§ **WHAT YOU NEED TO DO**
Give back the lines below verbatim, omitting all pictures.

___ DATA BLOCK ___

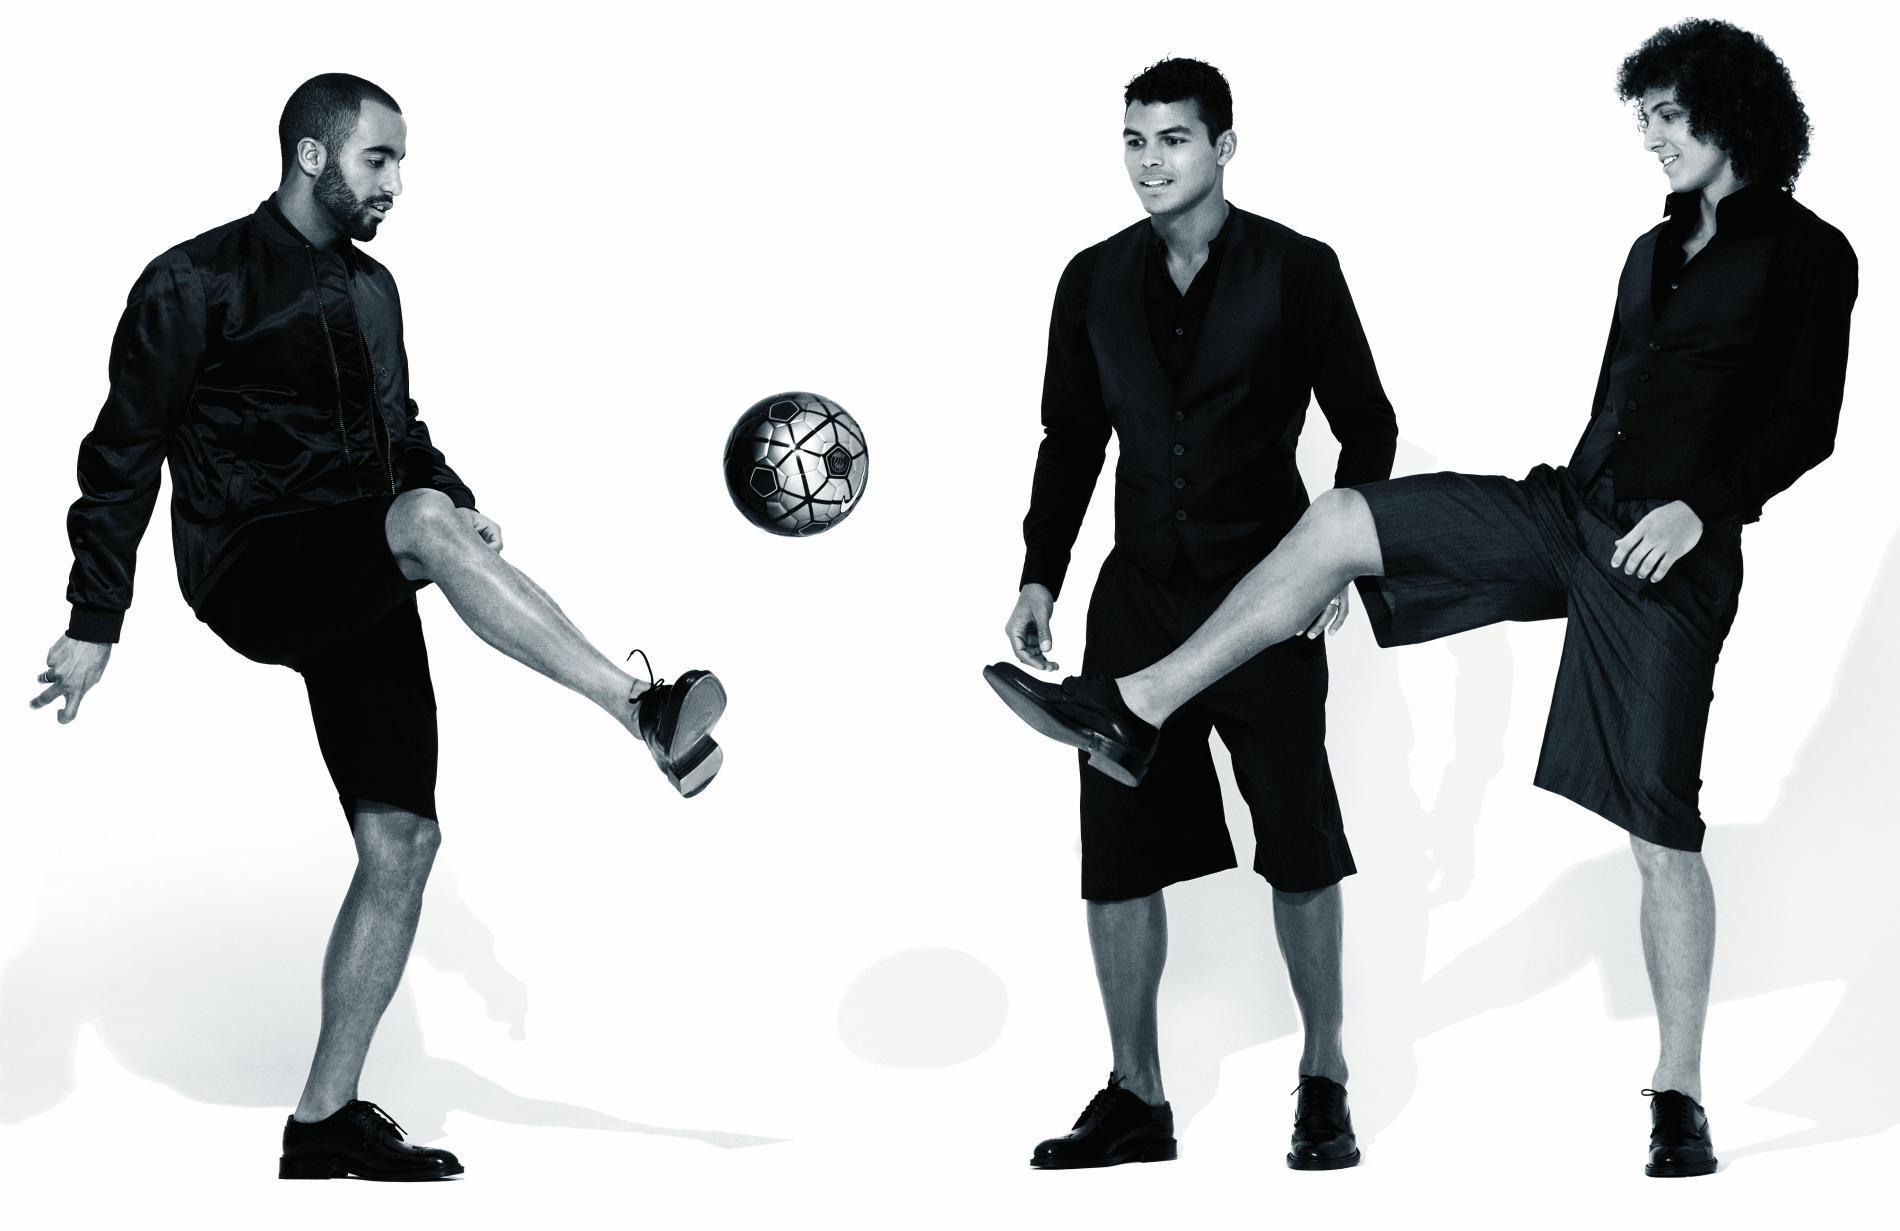 David Luiz, Thiago Silva et Lucas Moura : dieux du foot
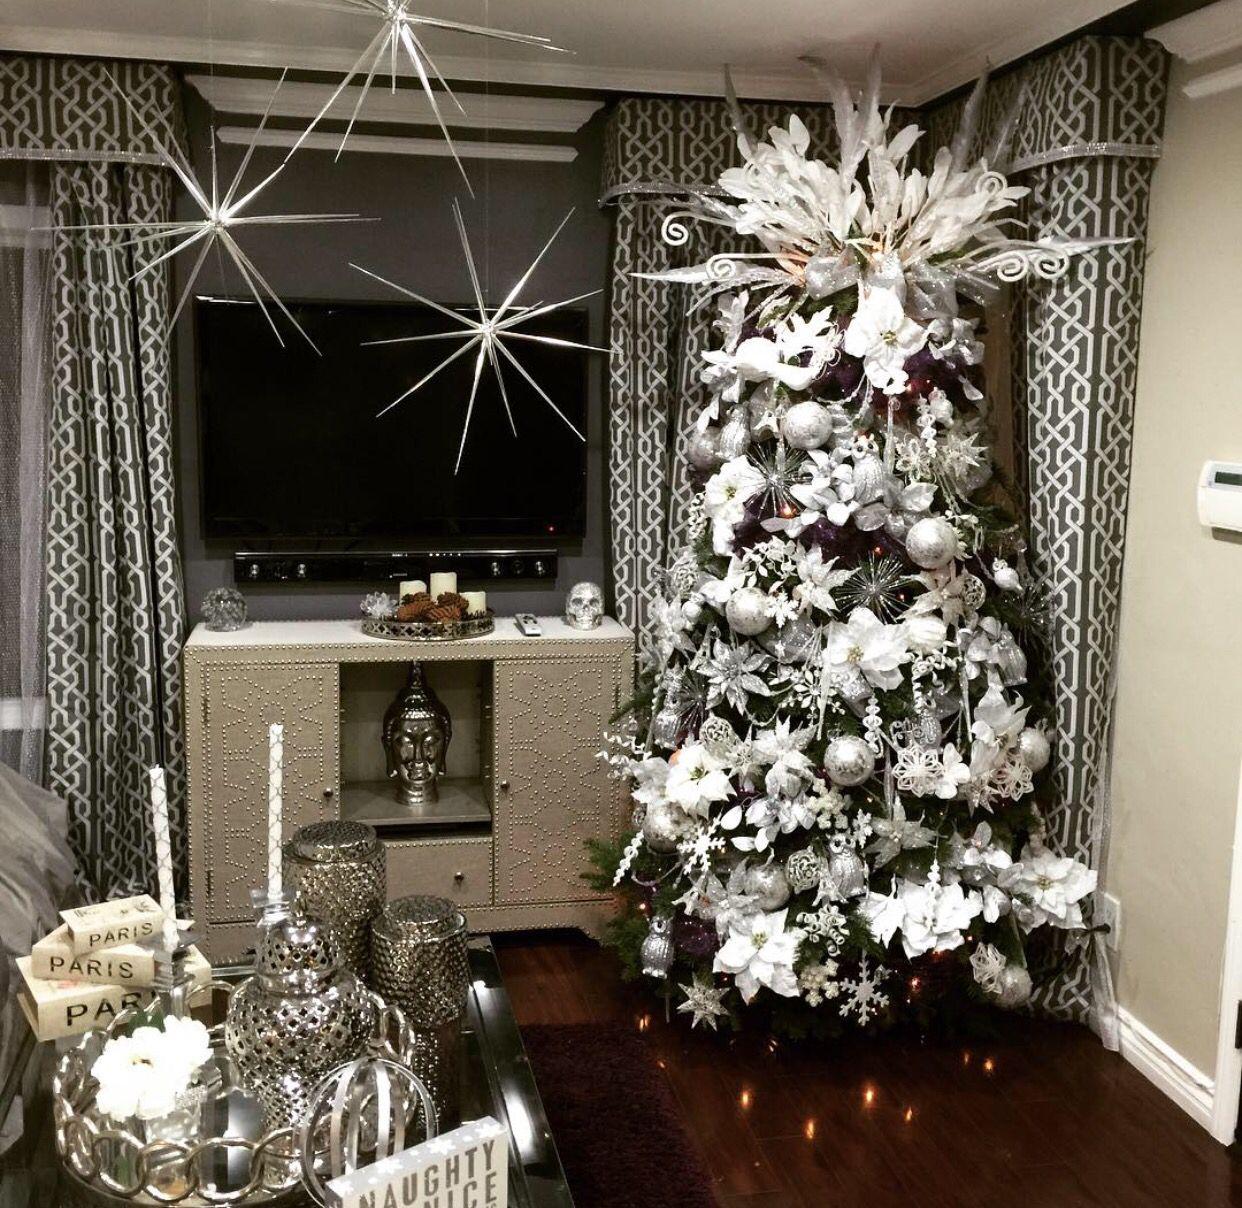 My Christmas Tree Zgallerie Zgallerie Z Gallerie Christmas Tree White Xmas Tree Christmas Tree
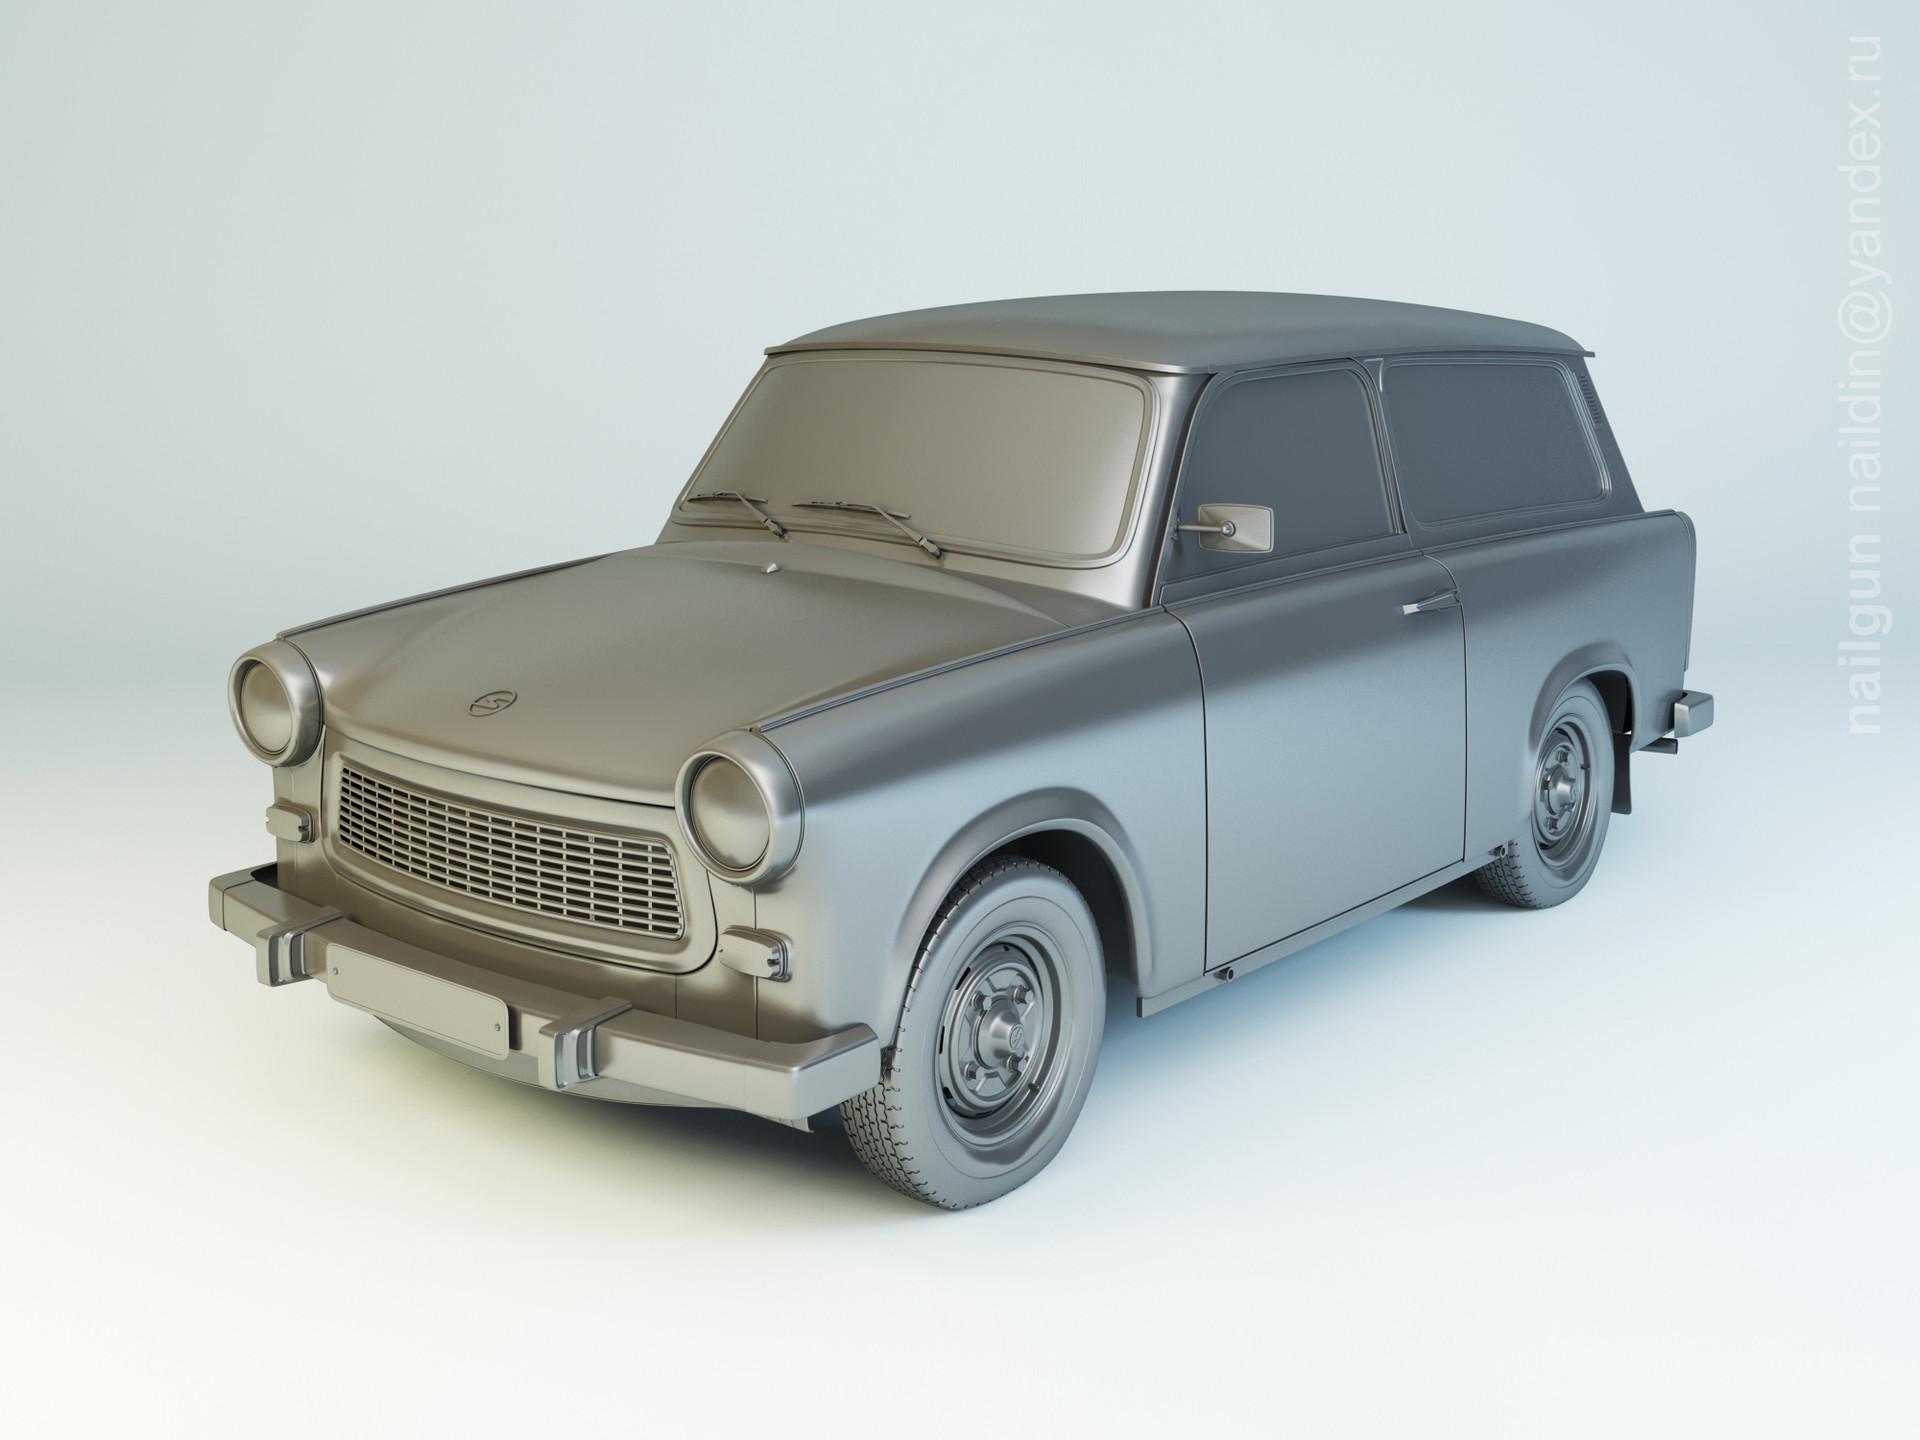 Nail khusnutdinov pwc 023 004 trabant 601 combi modelling 0

___

§ **PROBLEM SOLUTION**
 David Luiz, Thiago Silva et Lucas Moura : dieux du foot
 My Christmas Tree Zgallerie Zgallerie Z Gallerie Christmas Tree White Xmas Tree Christmas Tree
 Nail khusnutdinov pwc 023 004 trabant 601 combi modelling 0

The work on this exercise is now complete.